◆ DESCRIPTION OF THE TASK ◆
Beginning with the line containing "Edo period, circa 1640", transcribe every line exactly down to the last one in the records below, and drop the pictures.

◆ THE DATA ◆
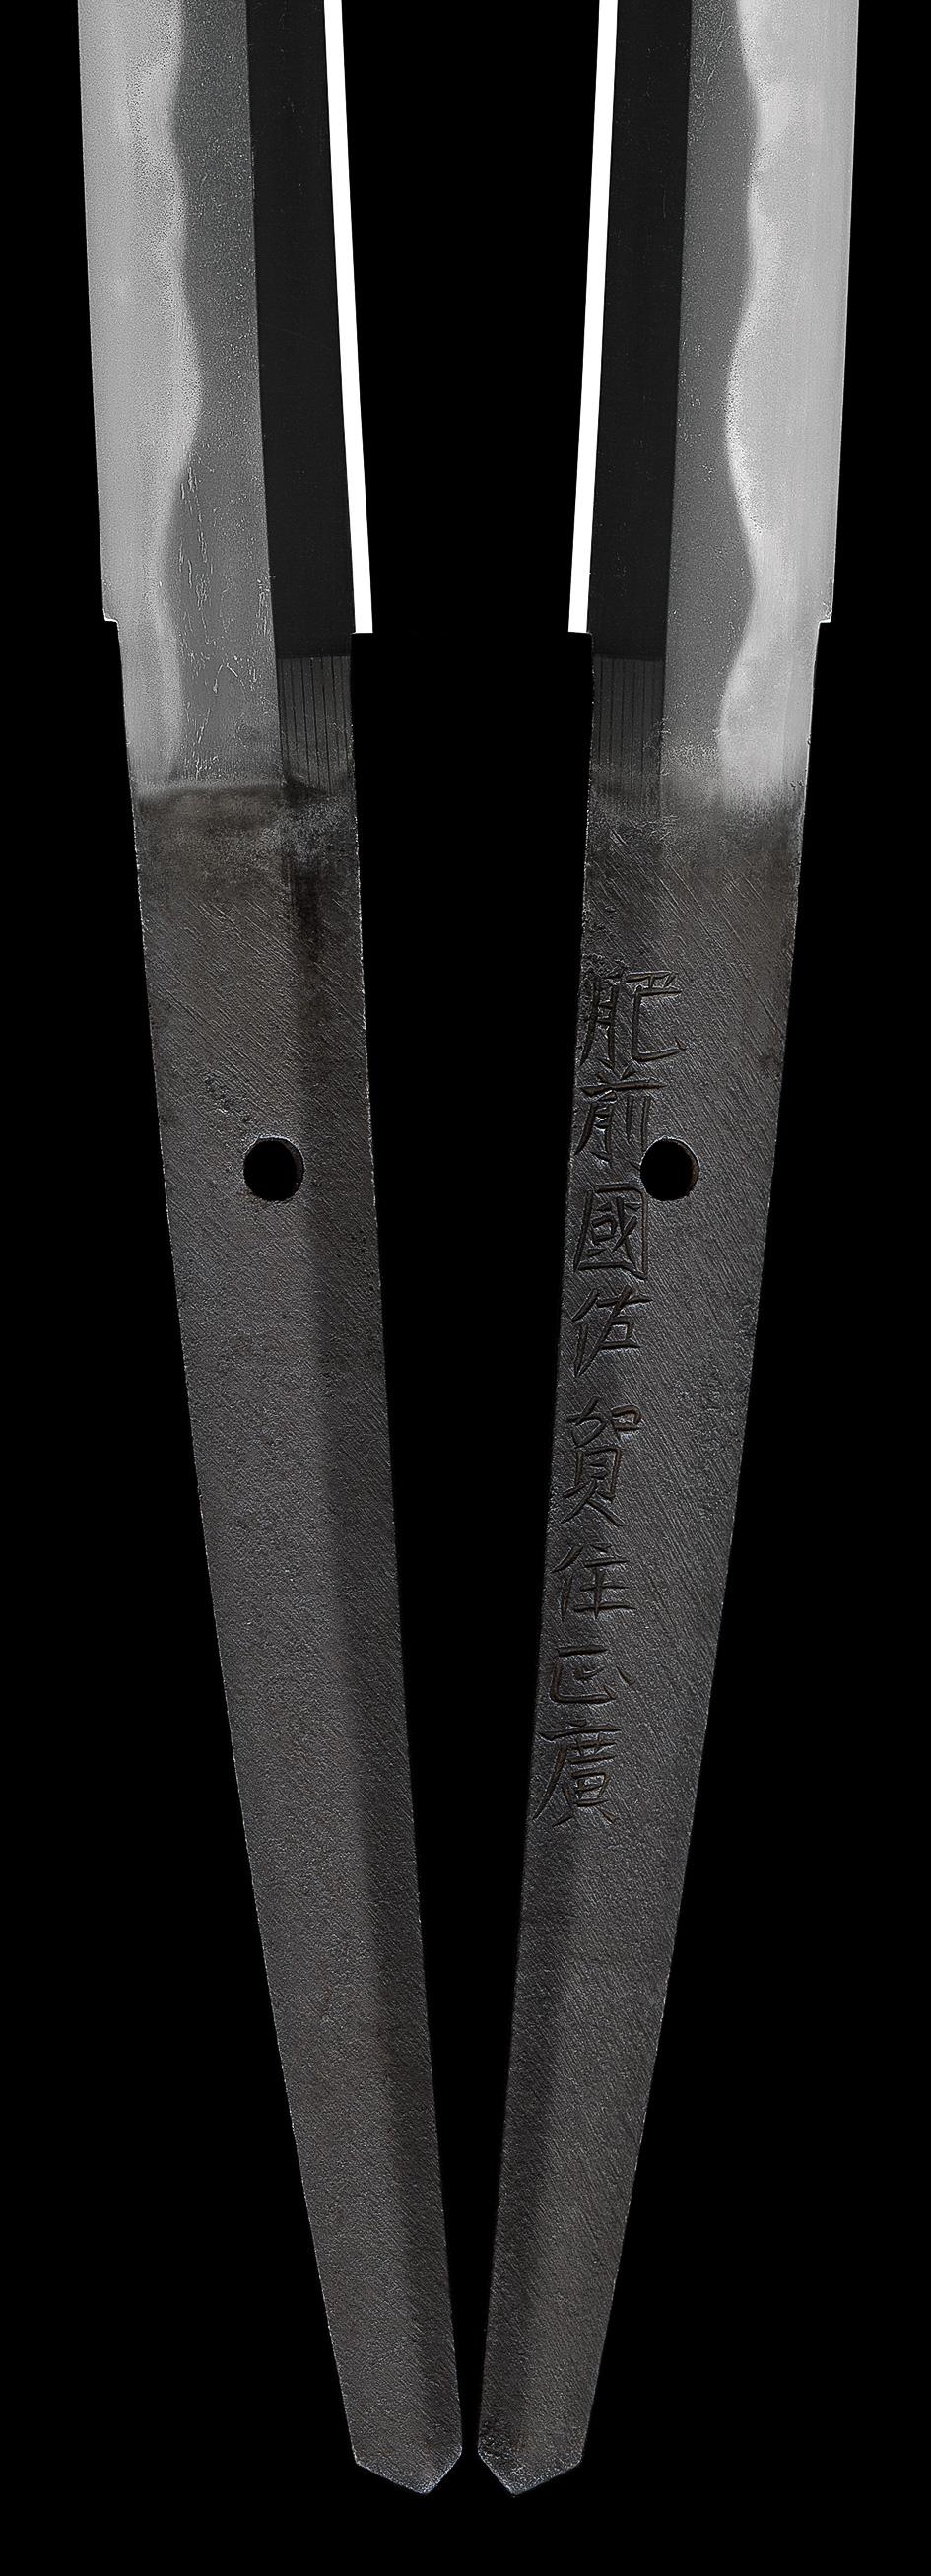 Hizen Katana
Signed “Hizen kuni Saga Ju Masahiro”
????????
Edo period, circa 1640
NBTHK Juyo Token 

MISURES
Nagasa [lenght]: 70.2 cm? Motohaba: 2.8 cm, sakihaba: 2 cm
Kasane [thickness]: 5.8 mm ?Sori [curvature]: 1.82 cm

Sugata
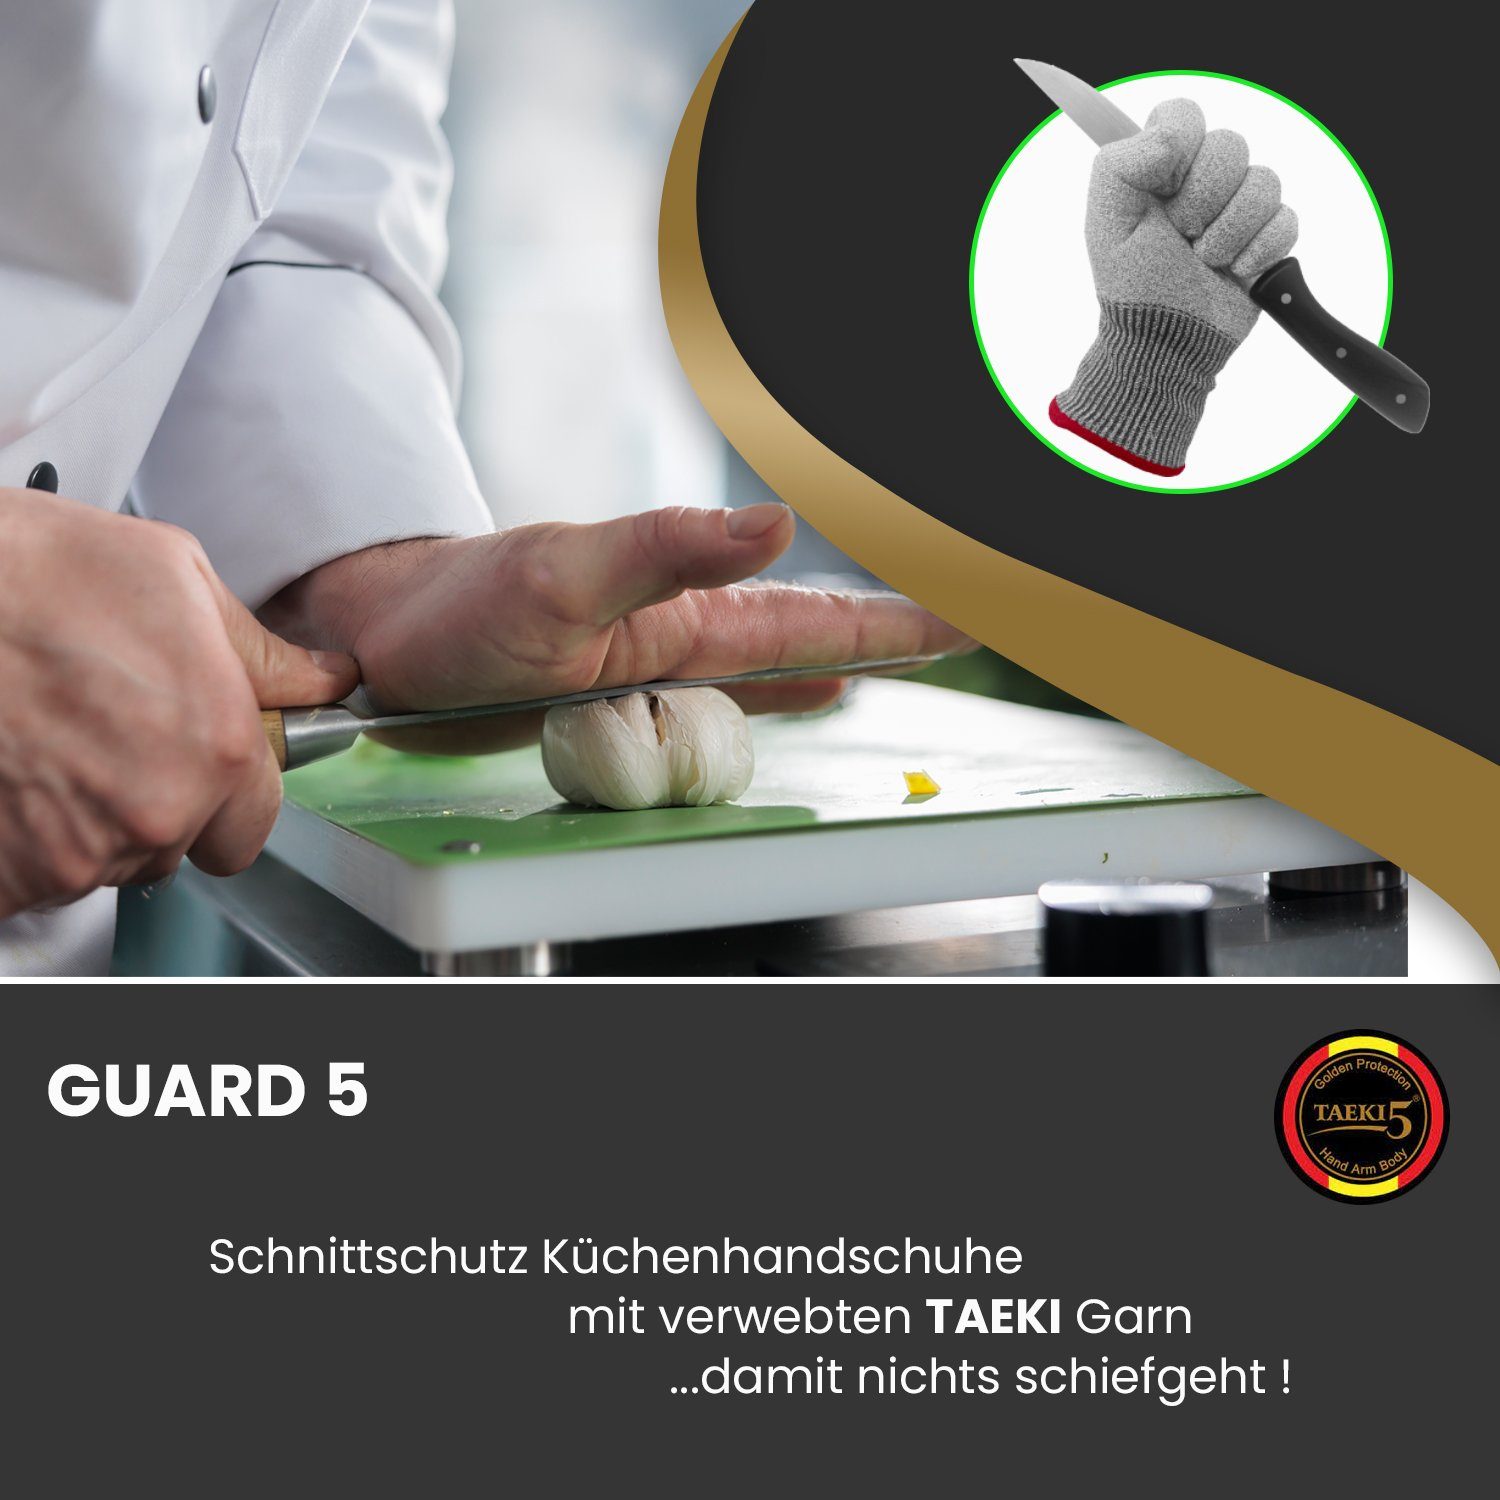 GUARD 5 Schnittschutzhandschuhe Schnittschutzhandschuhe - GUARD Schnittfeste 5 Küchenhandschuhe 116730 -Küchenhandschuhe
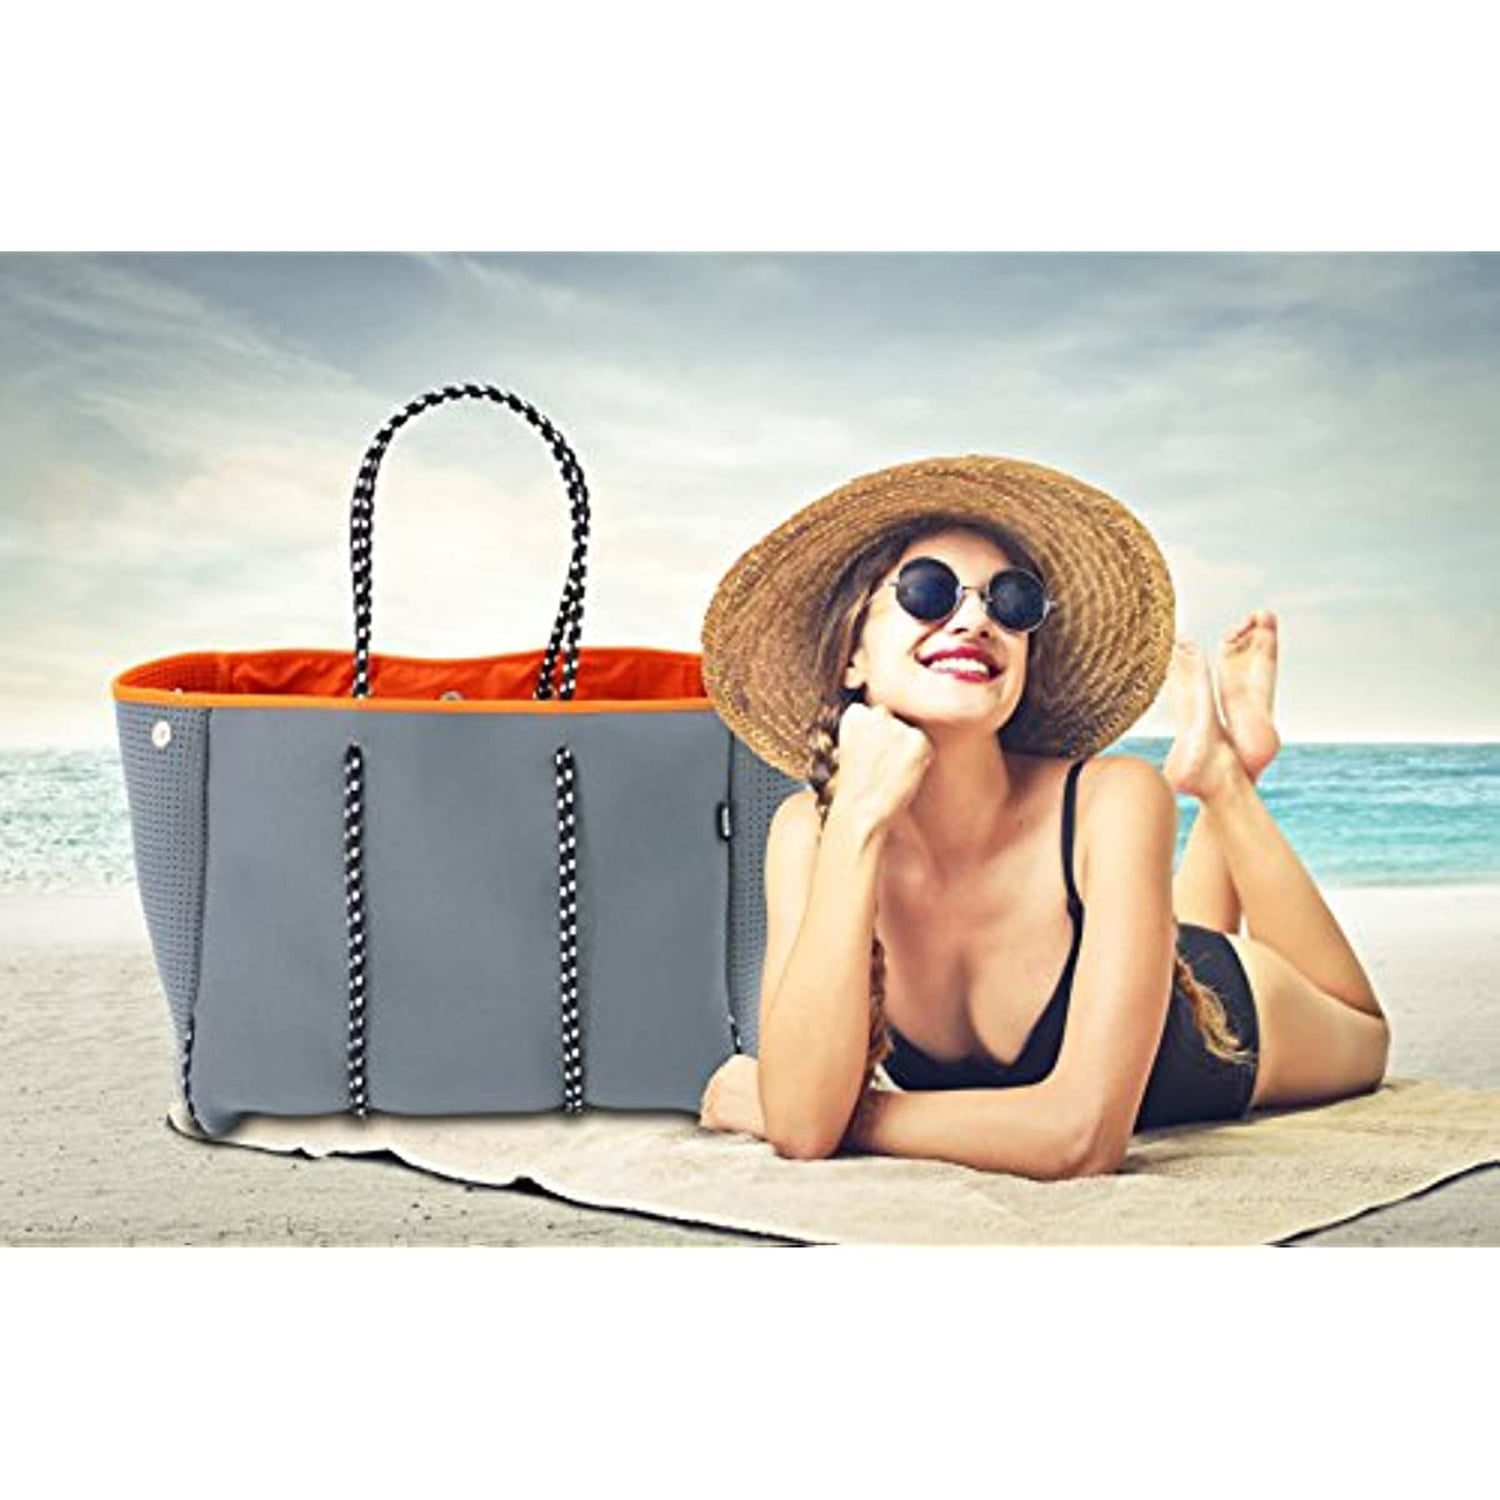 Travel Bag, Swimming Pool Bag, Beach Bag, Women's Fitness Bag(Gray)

◆ WORKED SOLUTION ◆
Edo period, circa 1640
NBTHK Juyo Token 

MISURES
Nagasa [lenght]: 70.2 cm? Motohaba: 2.8 cm, sakihaba: 2 cm
Kasane [thickness]: 5.8 mm ?Sori [curvature]: 1.82 cm

Sugata
 GUARD 5 Schnittschutzhandschuhe Schnittschutzhandschuhe - GUARD Schnittfeste 5 Küchenhandschuhe 116730 -Küchenhandschuhe
 Travel Bag, Swimming Pool Bag, Beach Bag, Women's Fitness Bag(Gray)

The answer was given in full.